Only the lines from the one containing "315180-011 Nike Air" through the end of the listing are to be repeated, exactly and without pictures.

(DATASET EXTRACT)

BEGIN

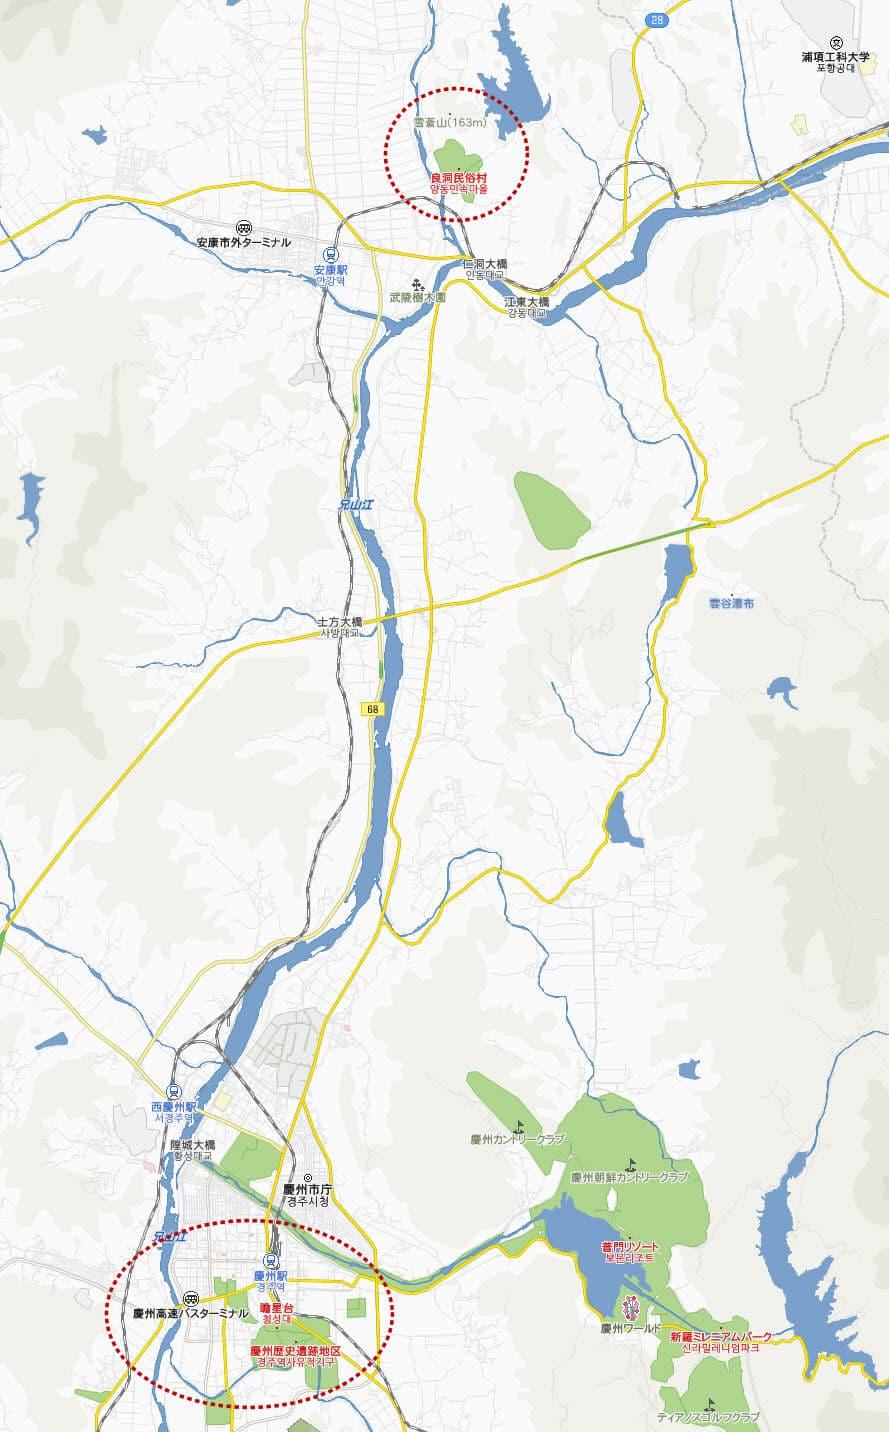 良洞民俗村距離慶州市位置地圖
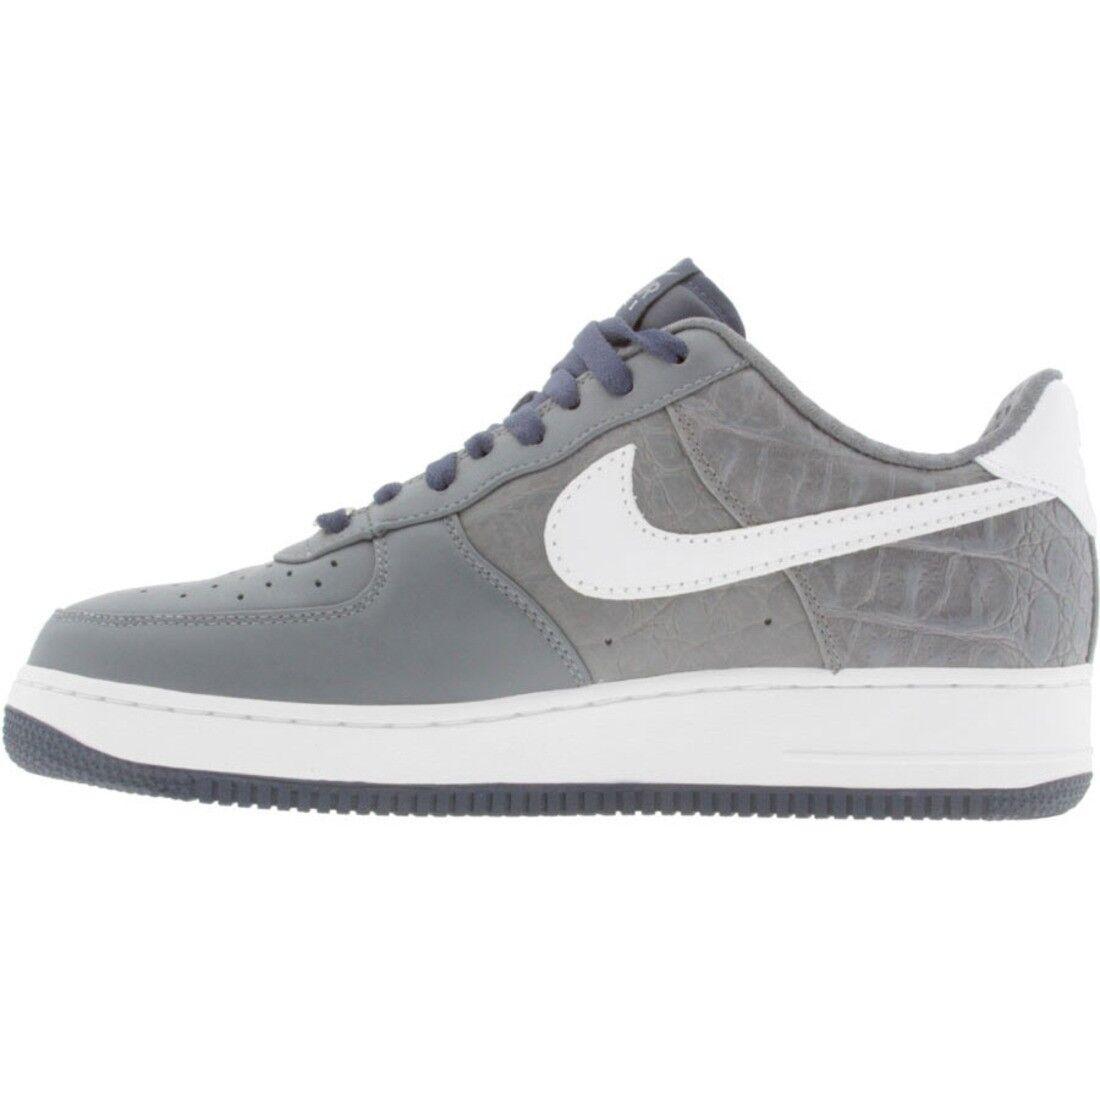 315180-011 Nike Air Obliger 1 07 faible Premium Flint  Gris  blanc Stealth
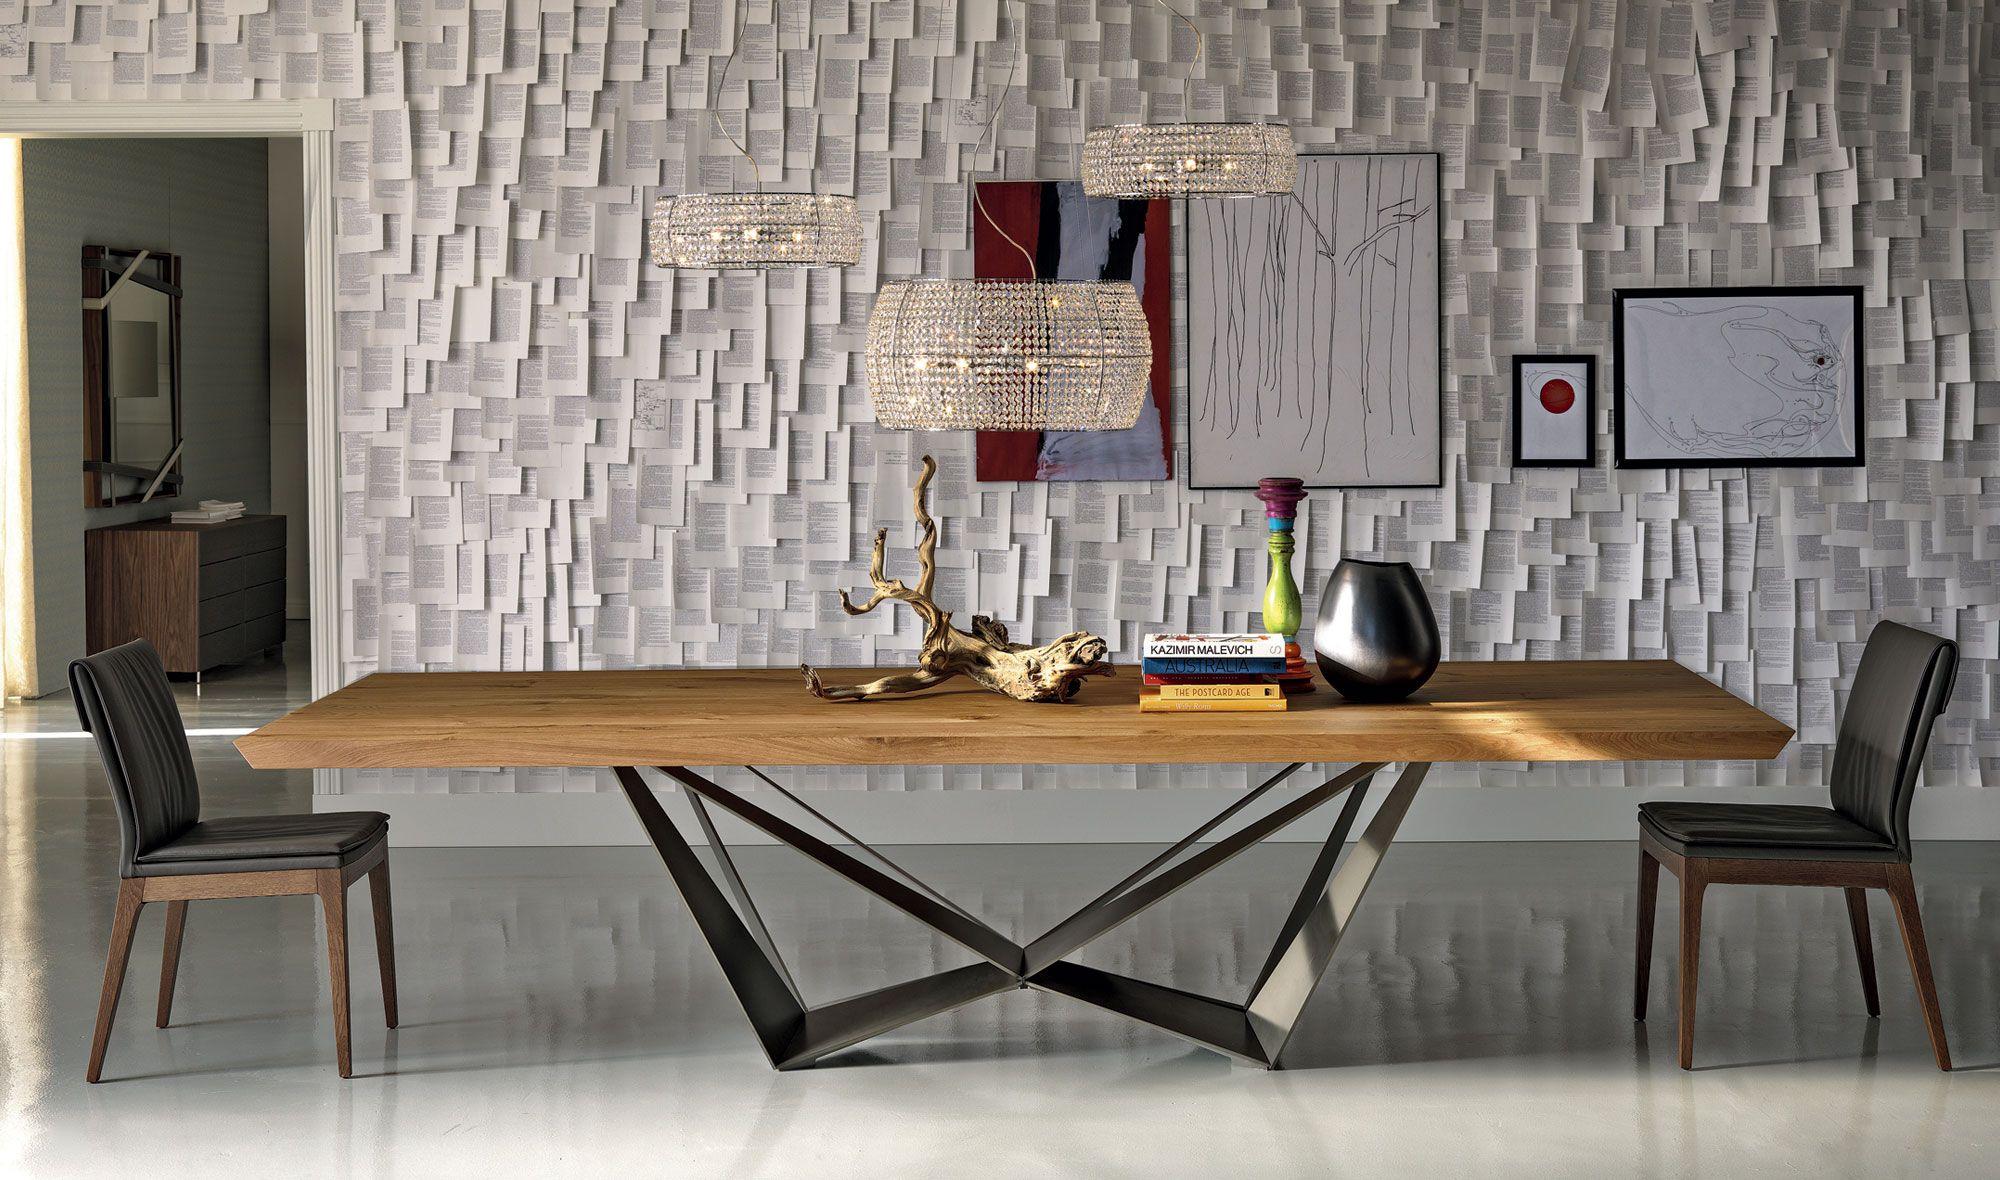 Muebles cosas de arquitectos mesa de comedor moderna - Muebles de comedor de diseno ...

END

(WRITTEN ANSWER)
 315180-011 Nike Air Obliger 1 07 faible Premium Flint  Gris  blanc Stealth
 Muebles cosas de arquitectos mesa de comedor moderna - Muebles de comedor de diseno ...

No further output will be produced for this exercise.